Honolulu Star-Advertiser

Saturday, April 27, 2024 77° Today's Paper


Business

Queen’s pays $1.5M to settle allegations of Medicare fraud

1/1
Swipe or click to see more
JAMM AQUINO / AUGUST 8

The Queen’s Medical Center paid $1.5 million to the U.S. Justice Department to settle a case involving implanted cardiac devices that were in violation of Medicare coverage requirements.

The Justice Department announced Friday that it had reached settlements totaling more than $250 million with nearly 500 hospitals in 43 states where cardioverter defibrillators were implanted in Medicare patients too soon after they suffered a heart attack or had heart bypass surgery or angioplasty.

"The Queen’s Medical Center denies any intentional wrongdoing, but has agreed to settle this matter expeditiously so that its resources may be spent on providing quality health care," said John Nitao, vice president and general counsel for Queen’s Health Systems, the hospital’s parent company, in a statement.

Medicare sets waiting periods of up to 90 days before implanting the $25,000 devices, which deliver mild electric shocks to restore a normal heart rhythm.

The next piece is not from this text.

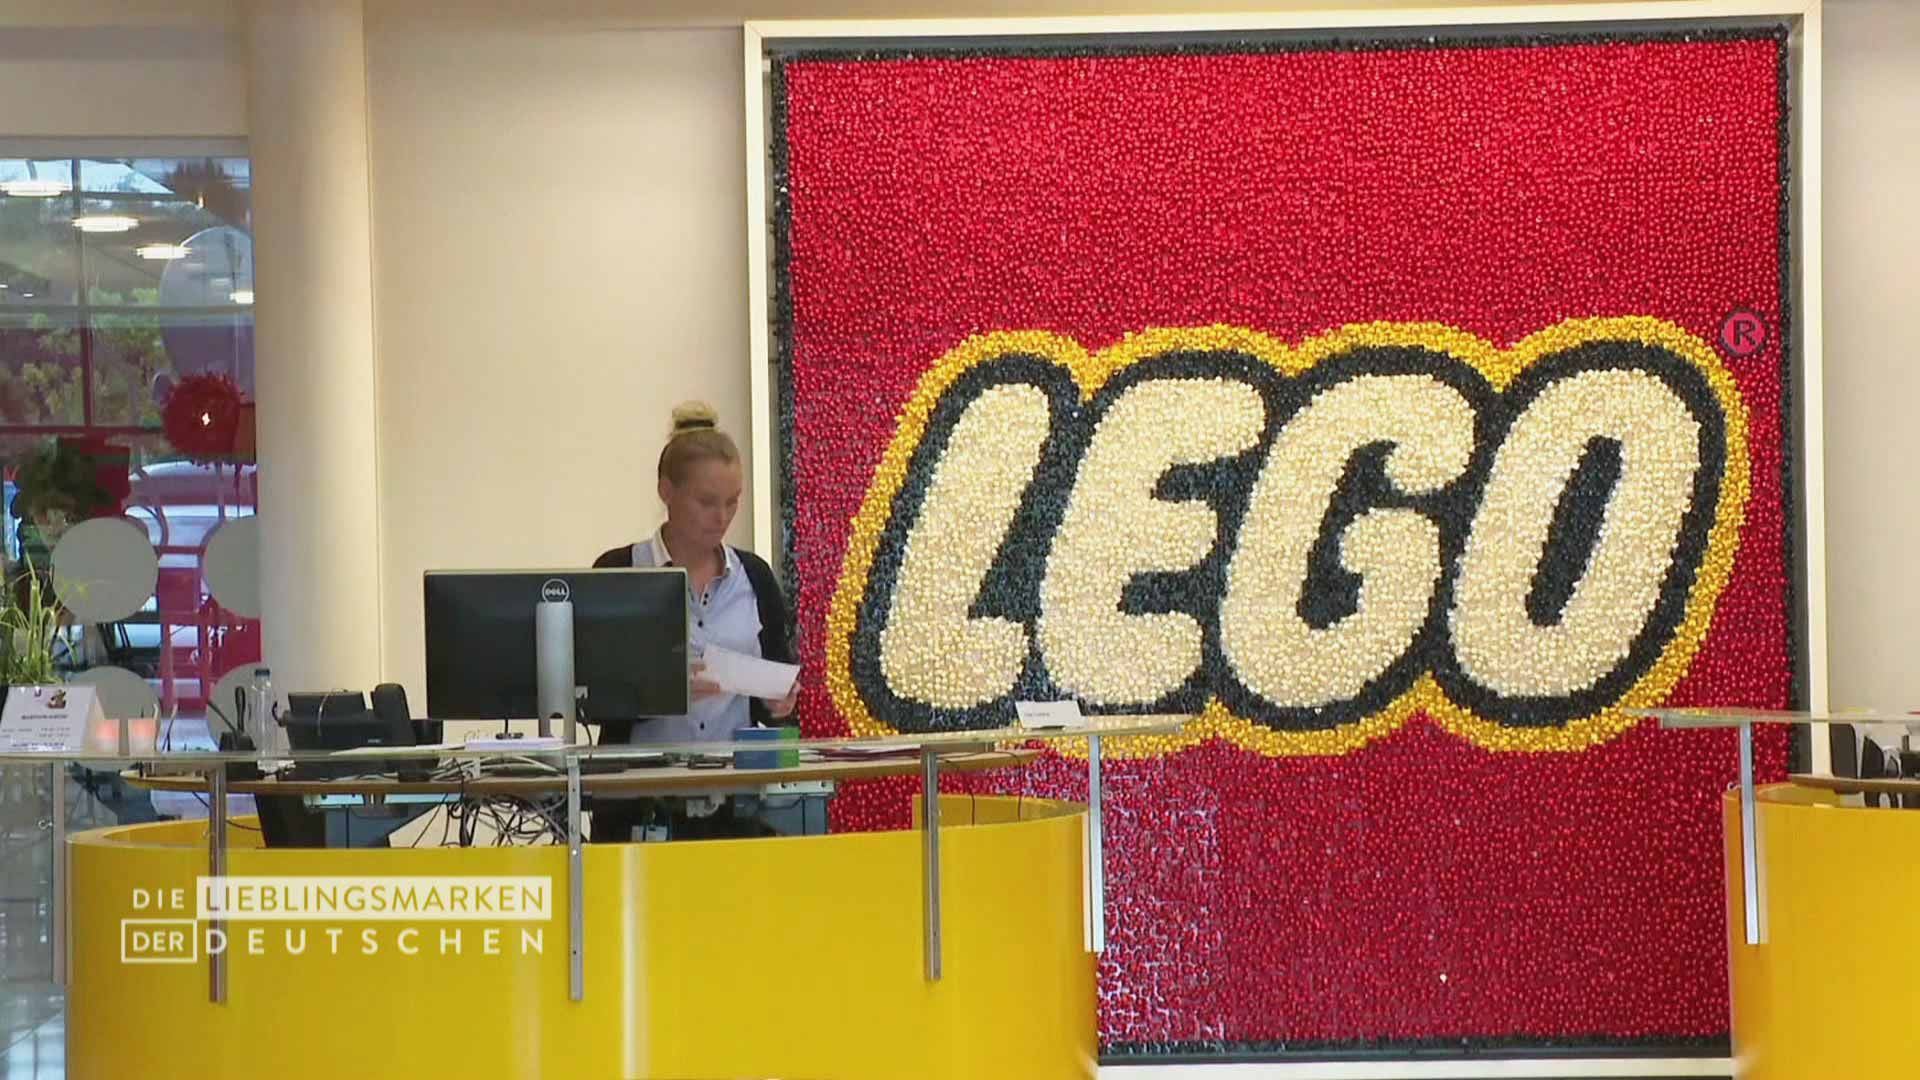 Die Lieblingsmarken der Deutschen - Lego

Clinical trials have shown the heart often recovers its own rhythm during that time, making the pricey defibrillators unnecessary.

"The settlements announced today demonstrate the Department of Justice’s commitment to protect Medicare dollars and federal health benefits," said Wifredo A. Ferrer, U.S. attorney for the Southern District of Florida. "Guided by a panel of leading cardiologists and the review of thousands of patients’ charts, the extensive investigation behind the settlements was heavily influenced by evidence-based medicine."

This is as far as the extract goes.